Isso levanta questões sobre como as marcas podem influenciar os prompts sugeridos em fóruns online, como Reddit, criando tendências que favorecem seus produtos. No entanto, especialistas alertam que os usuários devem ser céticos em relação a prompts gerados por terceiros, pois podem conter vieses disfarçados.
O futuro da relação entre marcas e IA

A interação entre marcas e IA pode seguir um padrão semelhante ao que ocorreu com os mecanismos de busca, onde marcas tentam manipular algoritmos para obter vantagens. Algumas estratégias podem ser éticas e eficazes, enquanto outras podem ser consideradas tentativas de manipulação, como a "injeção de prompt", que especialistas como Smyth desaconselham.

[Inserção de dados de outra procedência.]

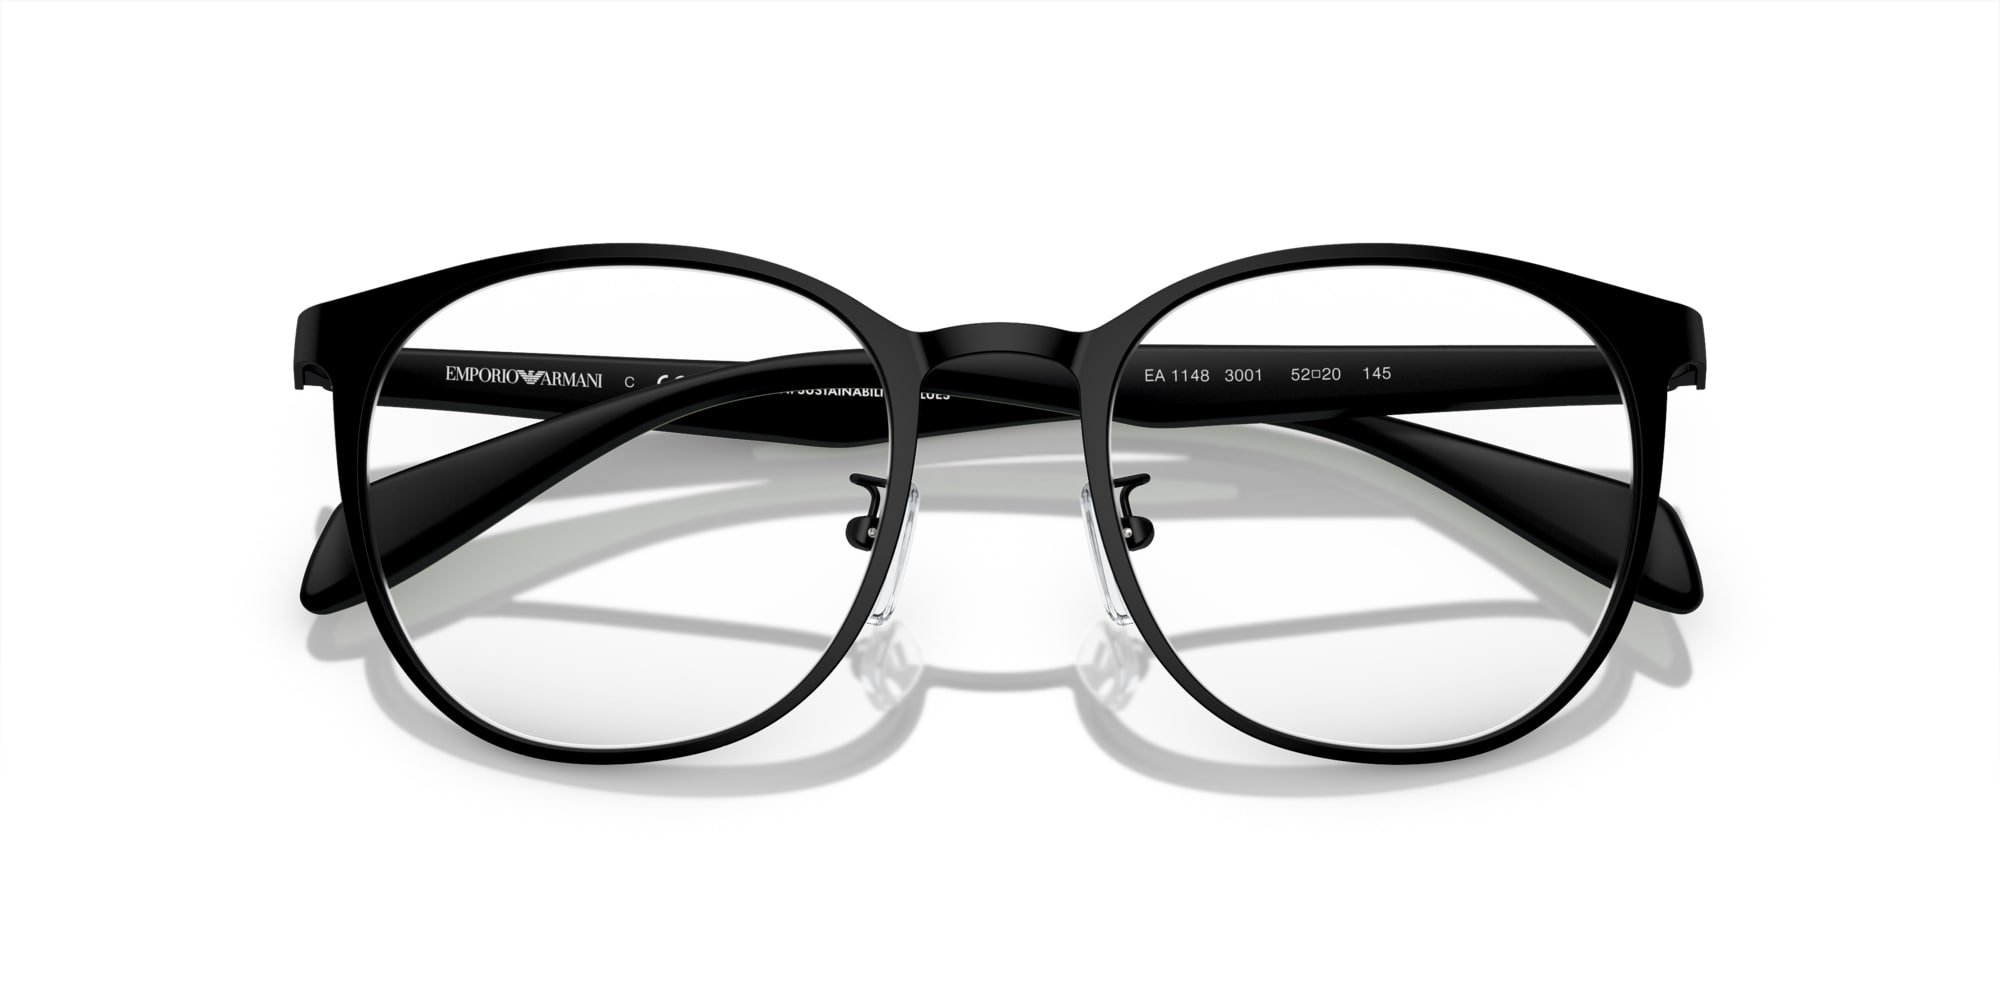 Emporio Armani Brille für Herren in schwarz matt EA1148 3001 52

Outro desafio é que os modelos de IA já carregam vieses intrínsecos. Estudos da Universidade do Sul da Flórida mostram que as IAs tendem a considerar marcas globais como superiores em qualidade em relação às locais. Quando solicitadas a sugerir presentes para consumidores em países ricos, recomendam marcas de luxo; para países de baixa renda, sugerem opções mais acessíveis.
A IA como ferramenta de pesquisa para marcas
Apesar dos desafios, a IA também pode ser usada a favor das empresas. Antes de lançar um anúncio, as marcas podem testá-lo com modelos de IA para avaliar sua percepção. Algumas empresas já utilizam essa estratégia como uma "checagem instintiva" antes da execução de campanhas publicitárias.
Com a IA consumindo conteúdo de múltiplos canais, garantir uma identidade de marca consistente se torna essencial. Se uma empresa apresenta sua imagem de formas contraditórias em diferentes plataformas, a IA pode interpretar isso como falta de credibilidade, prejudicando suas recomendações.
A percepção de uma marca pela IA já está impactando o mercado e deve se tornar um fator ainda mais influente no futuro. Empresas que compreendem essa dinâmica e trabalham para otimizar sua presença digital de forma estratégica e autêntica estarão melhor posicionadas para conquistar consumidores — humanos e artificiais.

A IA pode ser a cliente mais exigente que sua empresa já teve. E entender como sua marca é vista por essa tecnologia pode ser a chave para o sucesso na era digital.